4

I was trying to understand some basic code and got slightly confused by following code

int main ()
{
   FILE *fp;
   int c;
   int n = 0;

   fp = fopen("file.txt","r");
   if (fp == NULL)
   {
      perror("Error in opening file");
      return(-1);
   }
   do
   {
      c = fgetc(fp);
      if ( feof(fp) )
      {
         break ;
      }
      printf("%c", c);
   } while(1);

   fclose(fp);
   return(0);
}

Can someone explain me why c is of type integer, even though it is defined by fgetc(fp) which, from my knowledge, gets just the next character?

Paul Roub
  • 36,322
  • 27
  • 84
  • 93
Tony.H
  • 49
  • 1
  • 5
  • 2
    Look again at [`fgetc`](http://en.cppreference.com/w/c/io/fgetc), it returns an `int` (with good reason), so assigning that result to an `int` is also a good idea. – Kninnug Sep 17 '15 at 22:22
  • `c` is of type `int`, not "integer". The word "integer" covers all the integer types, from `char` up to `long long` (and their unsigned variants). – Keith Thompson Sep 17 '15 at 22:46
  • Have a look: http://stackoverflow.com/q/5431941/3185968 – EOF Sep 17 '15 at 22:49

2 Answers2

4

Given the precise way this particular code has been written, c wouldn't need to be of type int--it would still work if c were of type char.

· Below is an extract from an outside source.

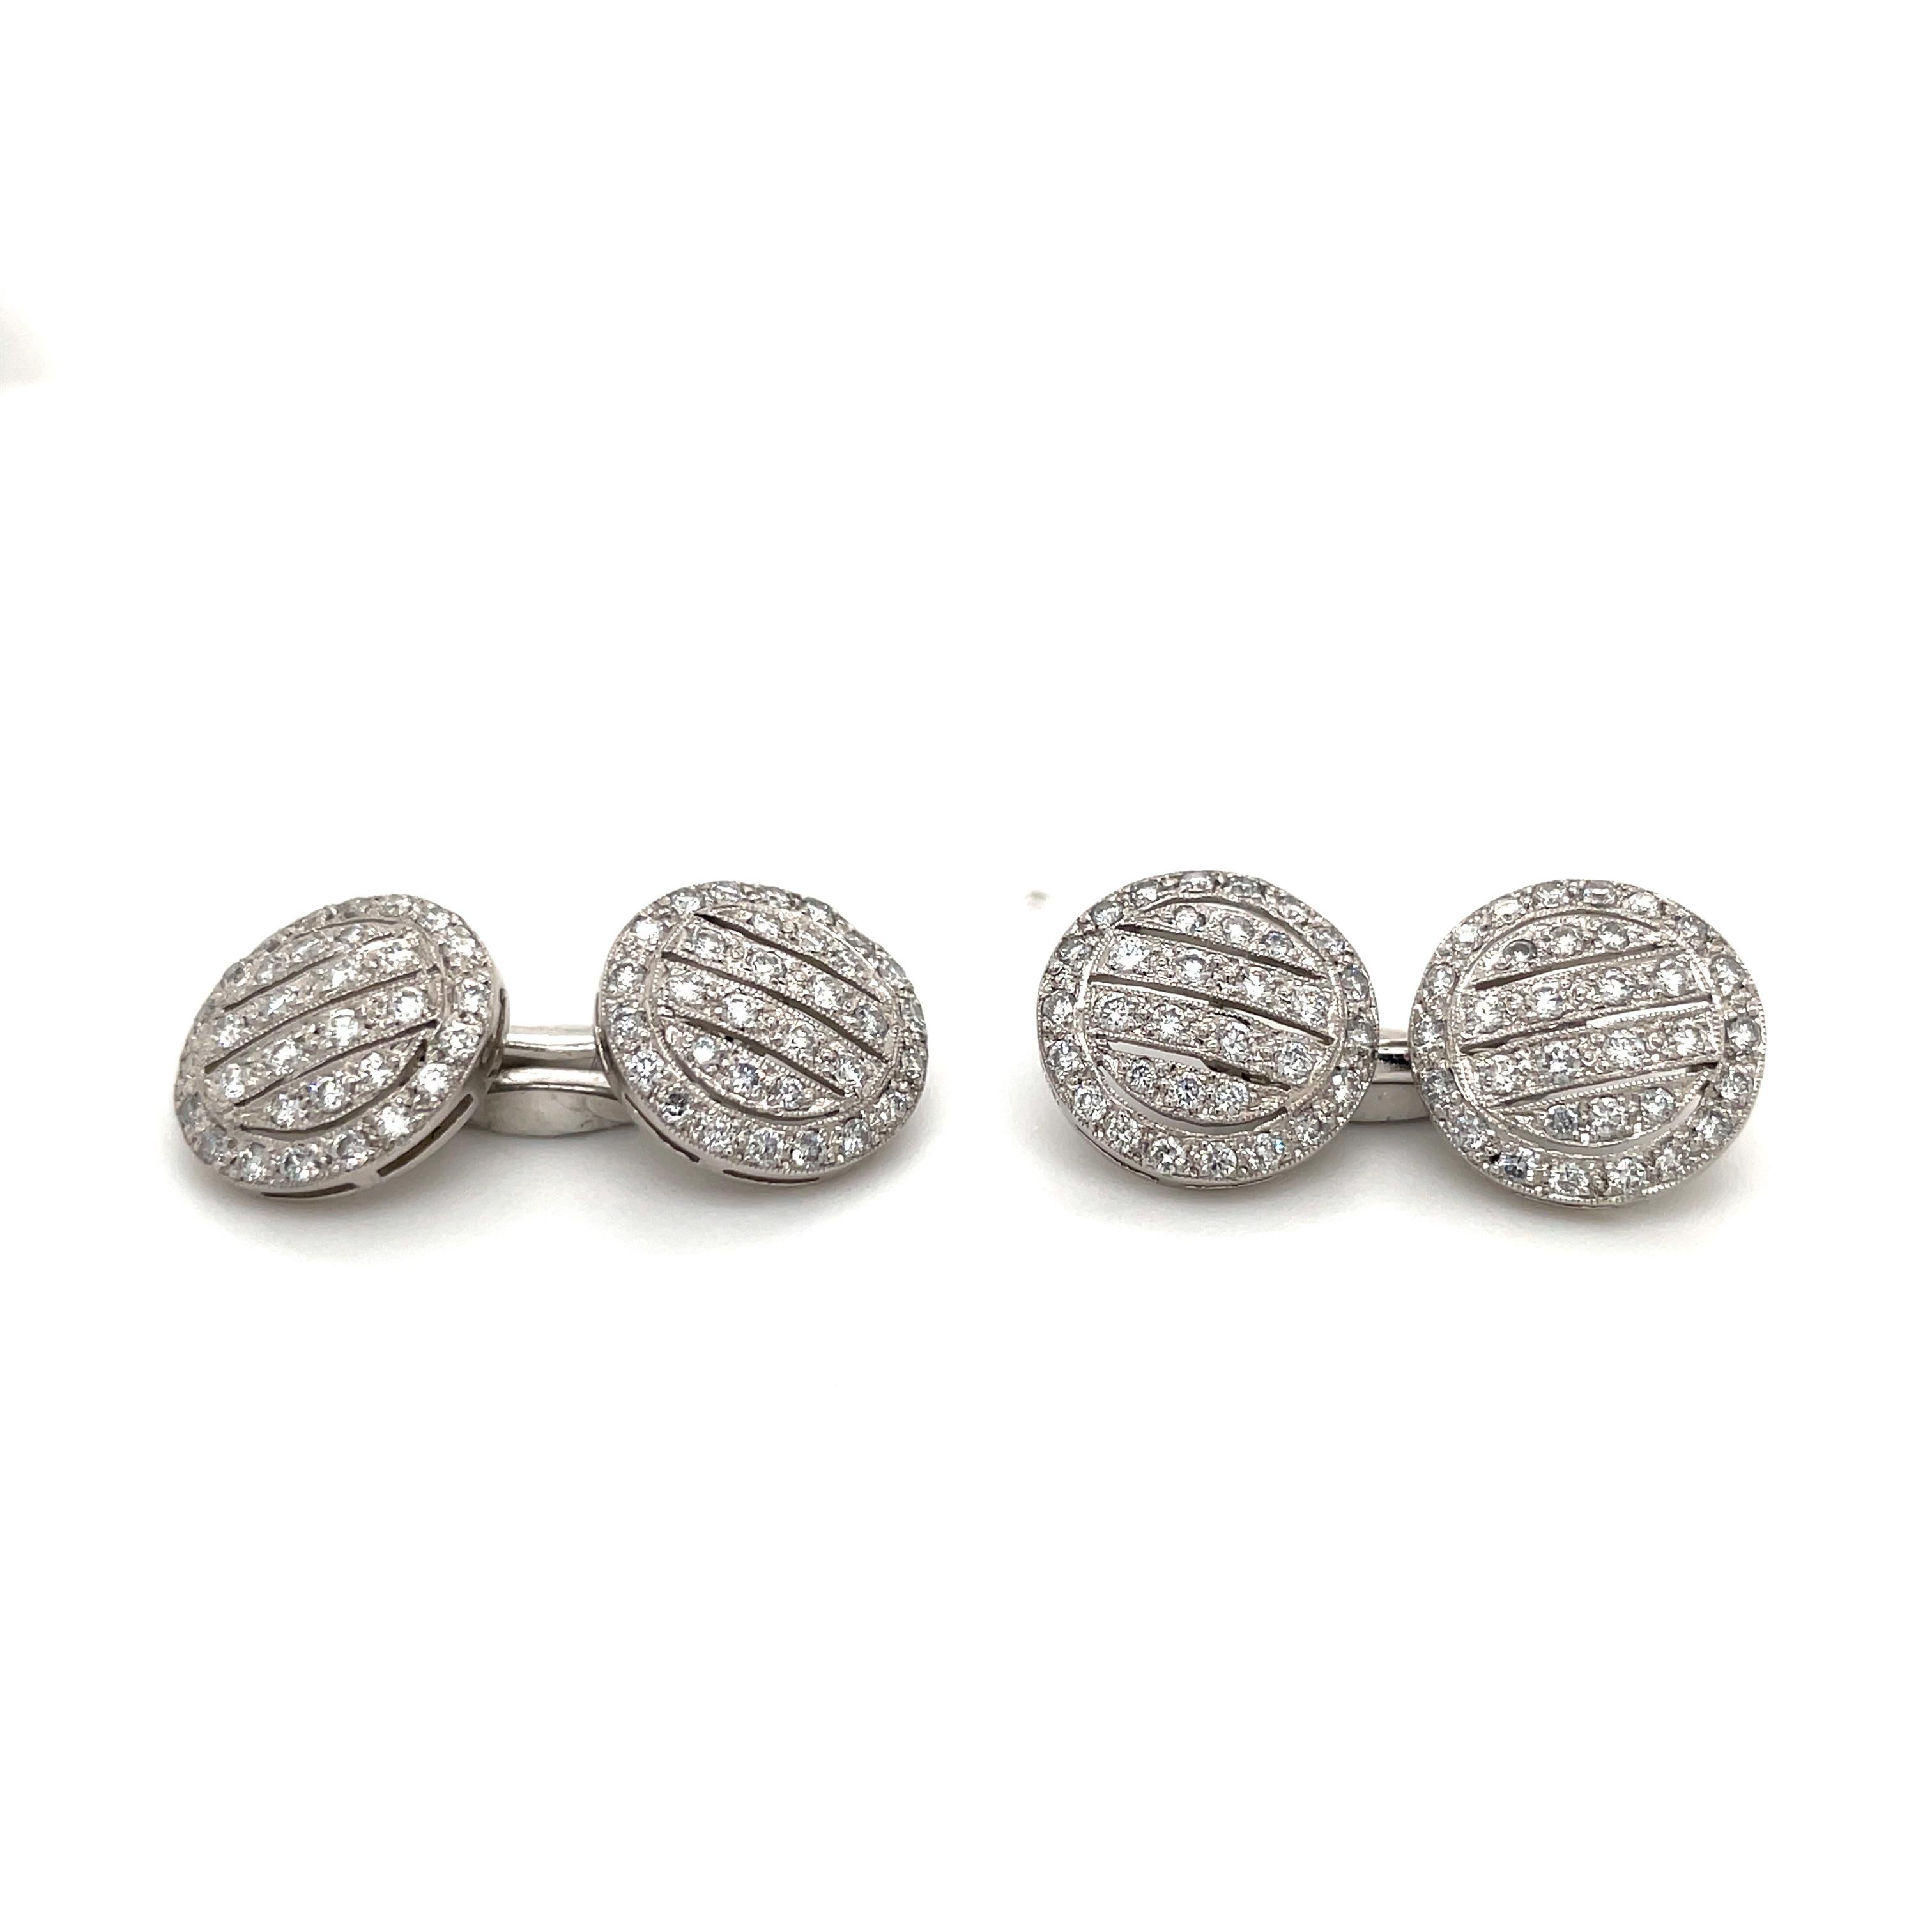  Most brilliant men's dress set.  Double-sided cufflinks and four studs.  Approximately 5.00 carats of full-cut diamonds in an elegant open-work design. A large, full,  dramatic look in the art deco style. Set in platinum. For the gentleman or man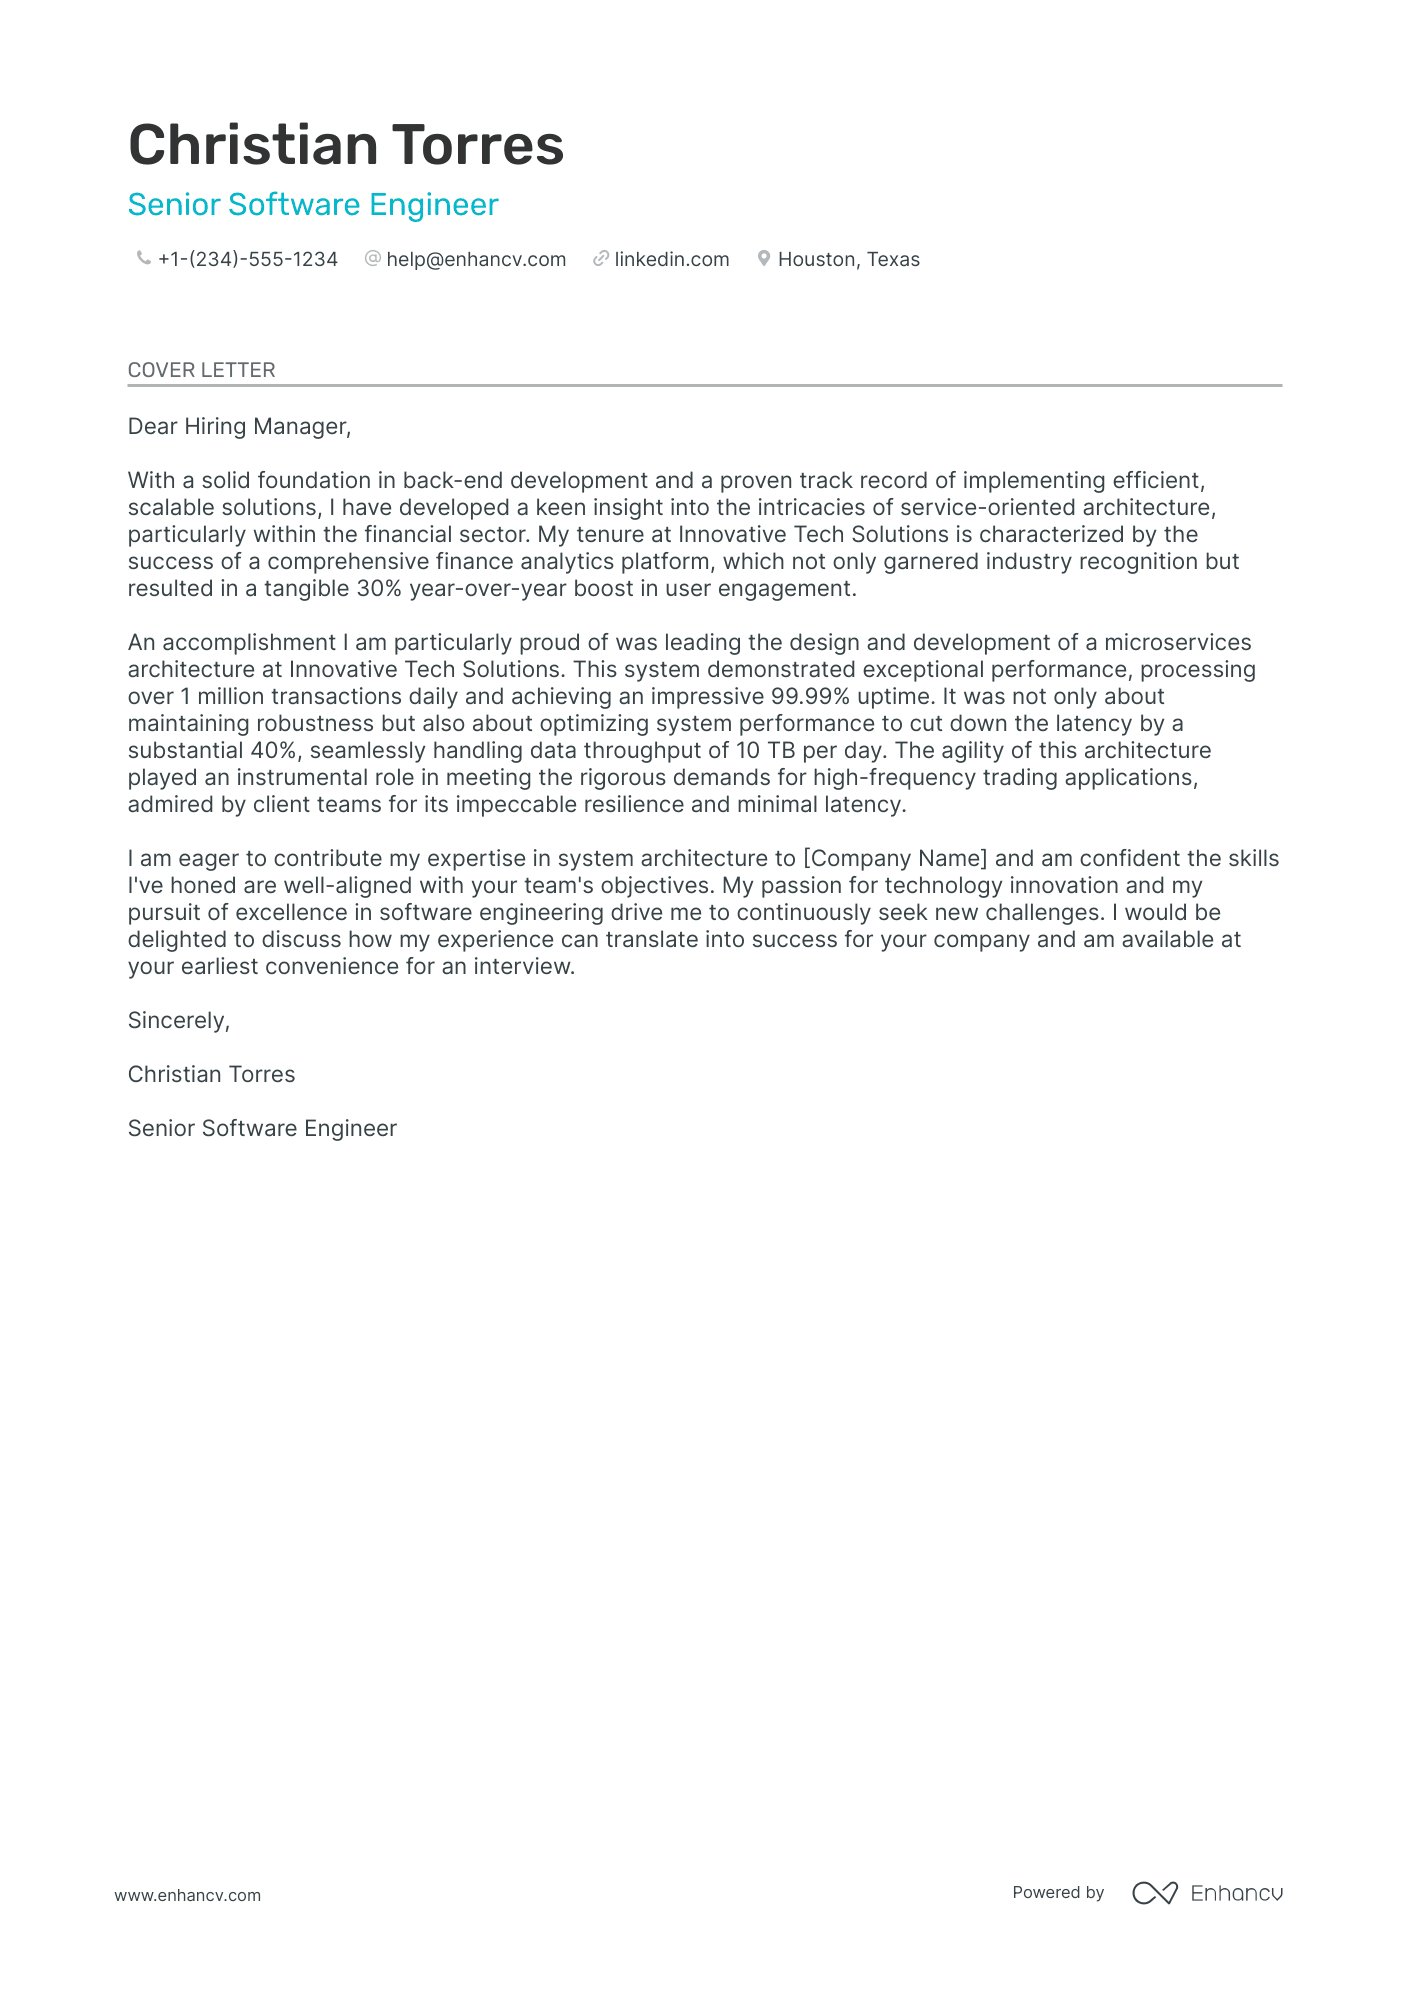 Gym cover letter

Most code that reads characters from a file should (at least initially) read those characters into an int though. Specifically, part of the basic design of C-style I/O is that functions like getc and fgetc can return EOF in addition to any value that could have come from the file. That is to say, any value of type char could be read from the file. getc, fgetc, etc., can signal the end of file by returning at least one value that won't/can't have come from the file. It's usually -1, but that's not guaranteed. When char is signed (which it usually is, nowadays) you can get a value from the file that will show up as -1 when it's been assigned to a char, so if you're depending on the return value to detect EOF, this can lead to mis-detection.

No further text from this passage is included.